__YOUR TASK__
Where does the word "Photo" occur in the data below? Copy each line that holds it.

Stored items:
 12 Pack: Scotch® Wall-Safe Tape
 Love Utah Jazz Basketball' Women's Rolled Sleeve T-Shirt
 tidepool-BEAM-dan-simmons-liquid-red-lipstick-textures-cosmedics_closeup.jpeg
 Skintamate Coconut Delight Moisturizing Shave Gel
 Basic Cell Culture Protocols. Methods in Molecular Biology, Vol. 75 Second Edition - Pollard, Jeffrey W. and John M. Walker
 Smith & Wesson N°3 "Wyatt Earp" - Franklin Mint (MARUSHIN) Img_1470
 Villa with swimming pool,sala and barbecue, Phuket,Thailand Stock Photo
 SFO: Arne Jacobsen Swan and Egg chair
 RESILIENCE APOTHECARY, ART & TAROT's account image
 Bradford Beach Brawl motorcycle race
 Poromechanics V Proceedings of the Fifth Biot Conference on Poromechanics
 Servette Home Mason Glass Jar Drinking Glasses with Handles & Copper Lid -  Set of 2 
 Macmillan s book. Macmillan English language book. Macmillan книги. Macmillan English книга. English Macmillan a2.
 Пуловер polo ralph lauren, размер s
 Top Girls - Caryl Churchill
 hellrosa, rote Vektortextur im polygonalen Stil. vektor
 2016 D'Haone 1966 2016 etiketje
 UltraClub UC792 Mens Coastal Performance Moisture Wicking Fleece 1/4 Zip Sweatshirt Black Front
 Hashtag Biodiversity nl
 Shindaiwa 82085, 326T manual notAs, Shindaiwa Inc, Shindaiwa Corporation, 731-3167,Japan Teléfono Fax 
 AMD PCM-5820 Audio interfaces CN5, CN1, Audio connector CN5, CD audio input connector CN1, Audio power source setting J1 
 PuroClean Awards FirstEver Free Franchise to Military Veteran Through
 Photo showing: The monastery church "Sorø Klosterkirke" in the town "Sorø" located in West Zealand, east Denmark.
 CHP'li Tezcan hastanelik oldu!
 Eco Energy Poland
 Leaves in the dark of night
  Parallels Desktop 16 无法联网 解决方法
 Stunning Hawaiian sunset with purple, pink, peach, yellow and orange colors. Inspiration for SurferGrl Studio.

__ANSWER TO THE PROBLEM__
 Villa with swimming pool,sala and barbecue, Phuket,Thailand Stock Photo
 Photo showing: The monastery church "Sorø Klosterkirke" in the town "Sorø" located in West Zealand, east Denmark.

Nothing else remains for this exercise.